No matter which side of the aisle you may reside, one can only respect Carter’s incessant drive and sense of mission. From out of nowhere, a small town called Plains, he became the governor of Georgia in 1971 and won the presidency in 1976.
He likely was never a great fit for that office, though without the Iranian hostage crisis and a pouty Ted Kennedy he would have had an exponentially greater chance at reelection. (Then again, Carter would never have been elected in the first place without Watergate.) Carter preached, and I do mean preached, the sermon of austerity. By 1980 Americans instead wanted that “shining city upon a hill” feeling from a certain former actor.
But Carter did what no one before or after him has managed: to bring some semblance of peace to at least part of the Mideast, in his Camp David Accords between Israel and Egypt, something that maintains to this day.

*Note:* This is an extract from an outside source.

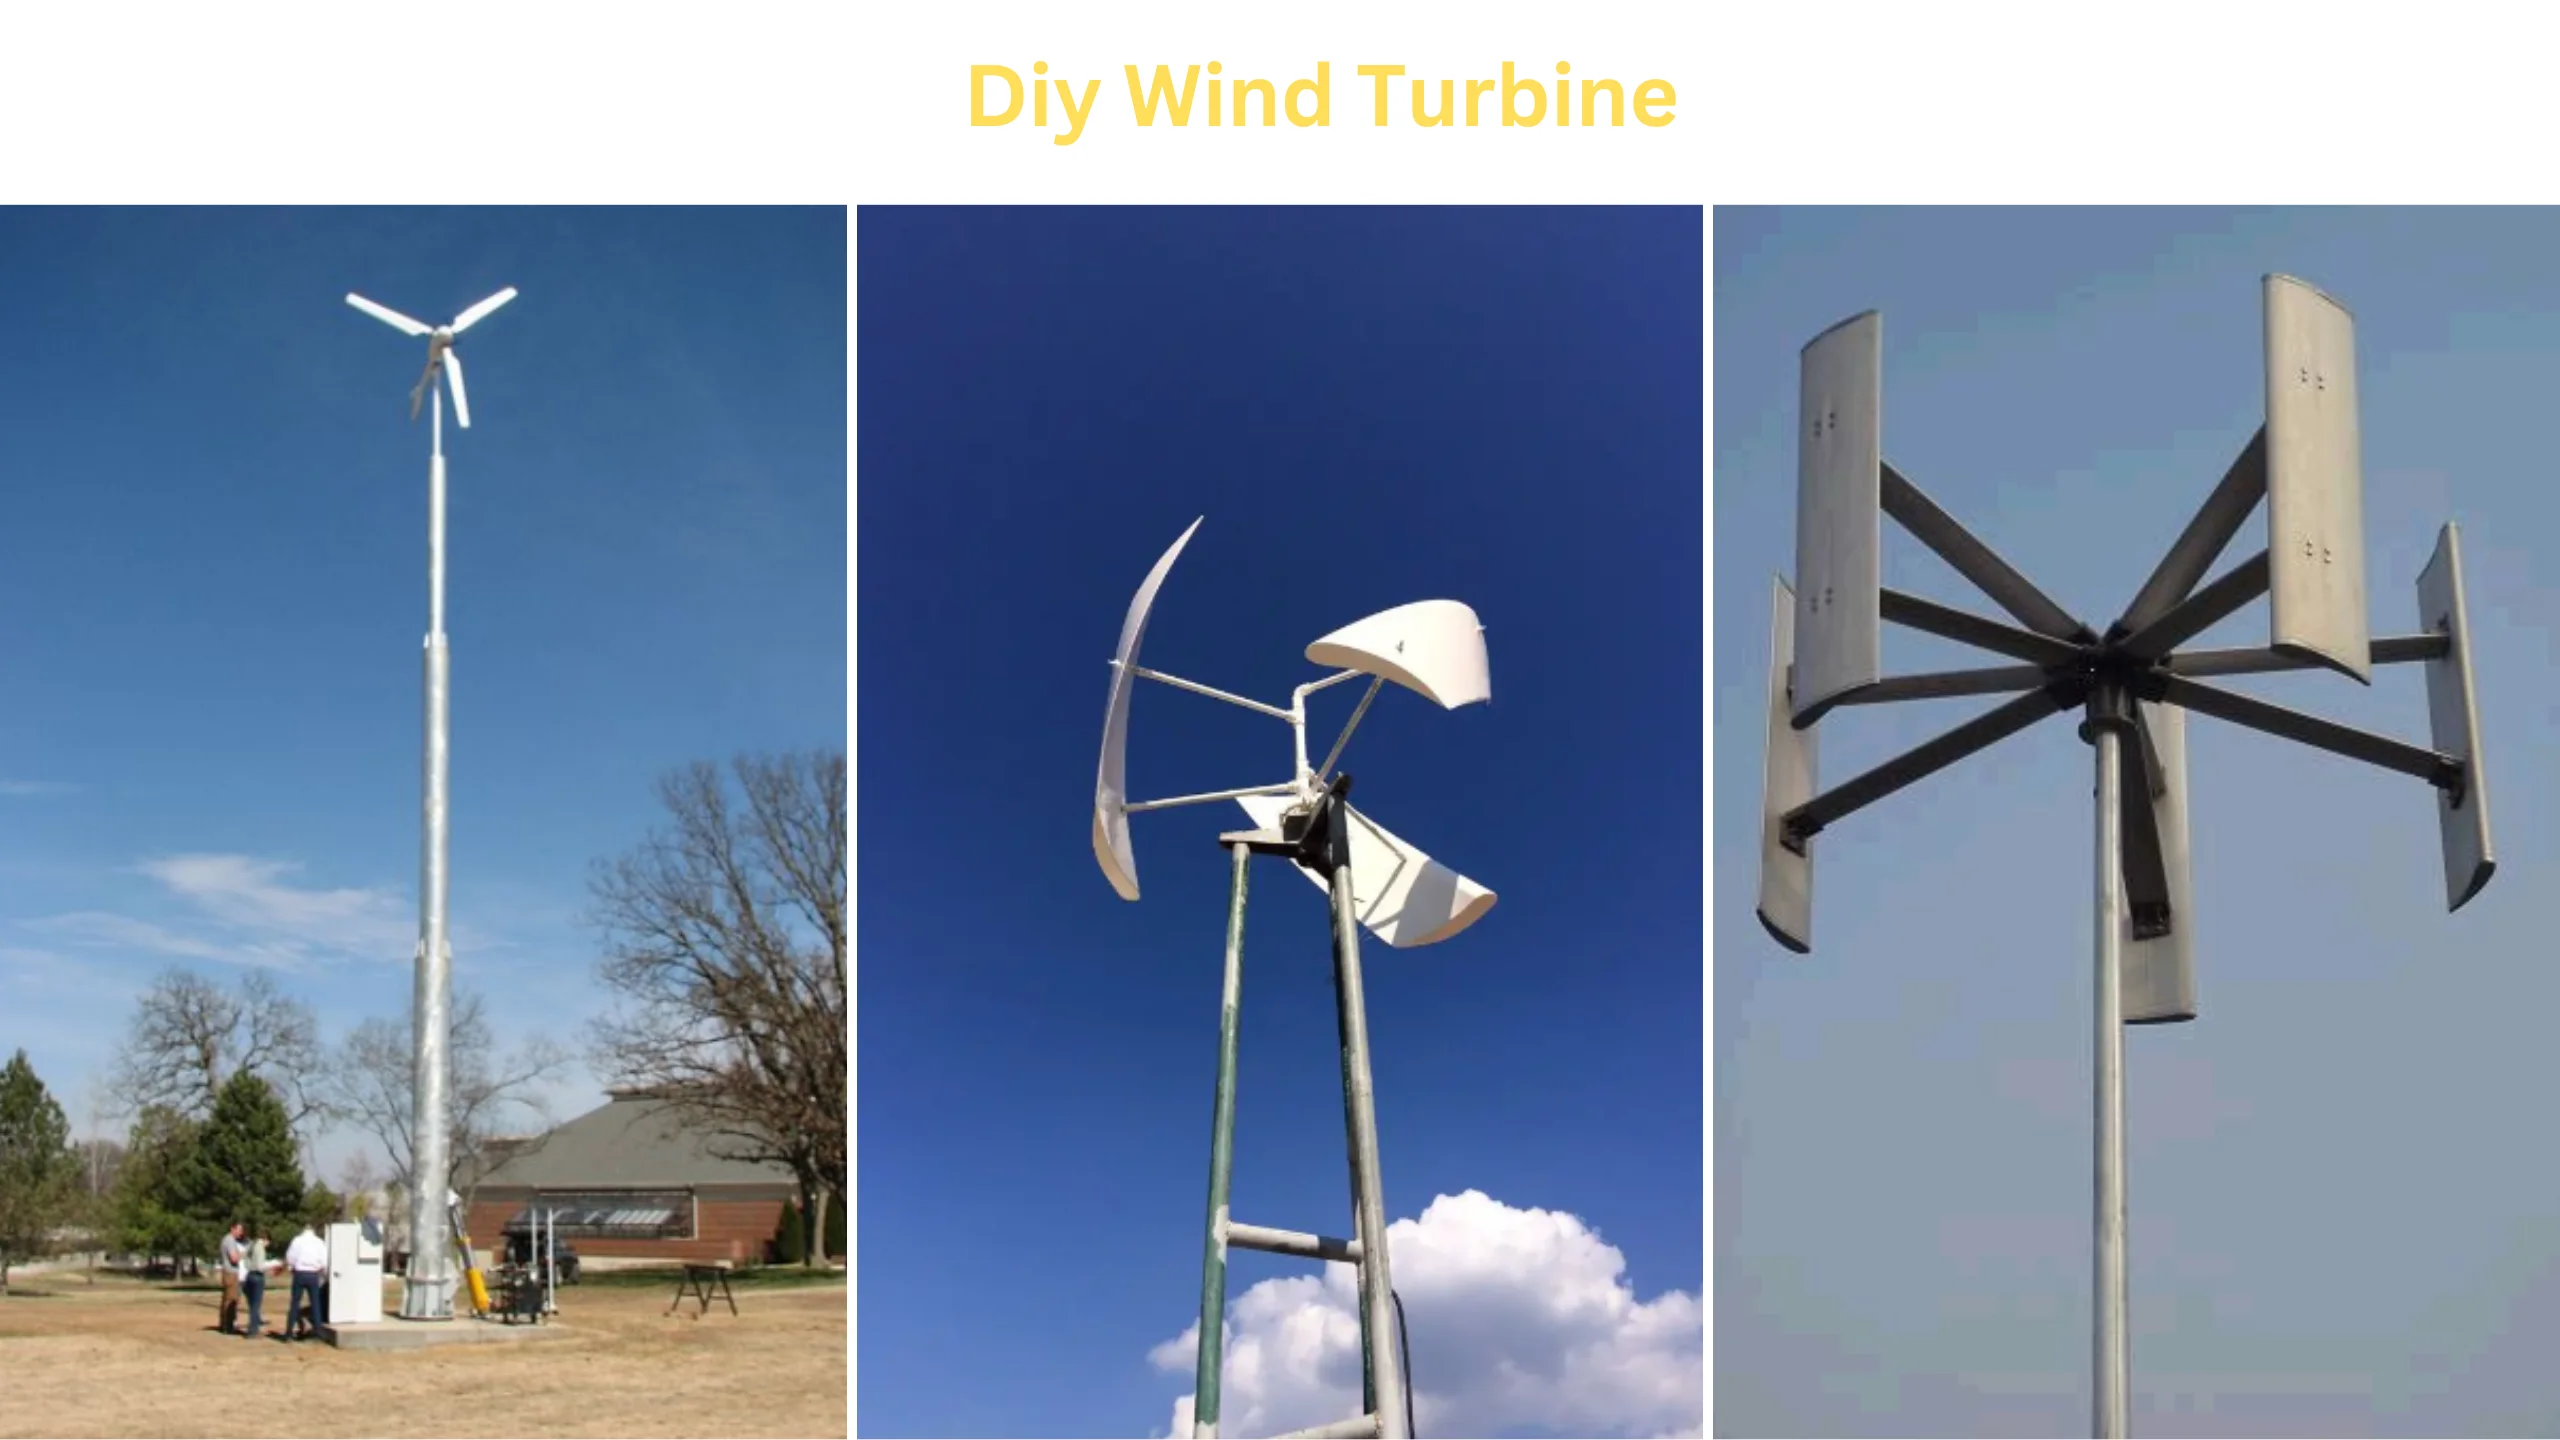 Diy wind turbine 1

Another tip of the cap should go to Carter and the late Gerald Ford for forging the deepest of friendships post-presidency. It wasn’t the first time presidents had struck up friendships. But it seemed to have truly set the ultimate tone for bi-partisan cooperation and respect among presidents ever since.
In 2002 Jimmy Carter was awarded the Nobel Peace Prize for his work with the Carter Center. This honor was emblematic of the special and seemingly limitless contribution Carter has made to humanity. He has never stopped his work to improve the lives of the forgotten, the persecuted, the impoverished. His moral compass has never wavered.
Historians will always have their ongoing, evolving assessments of past presidencies. But if you judge a past president by his deeds, by how he lived his life, Jimmy Carter has led one exceptional life.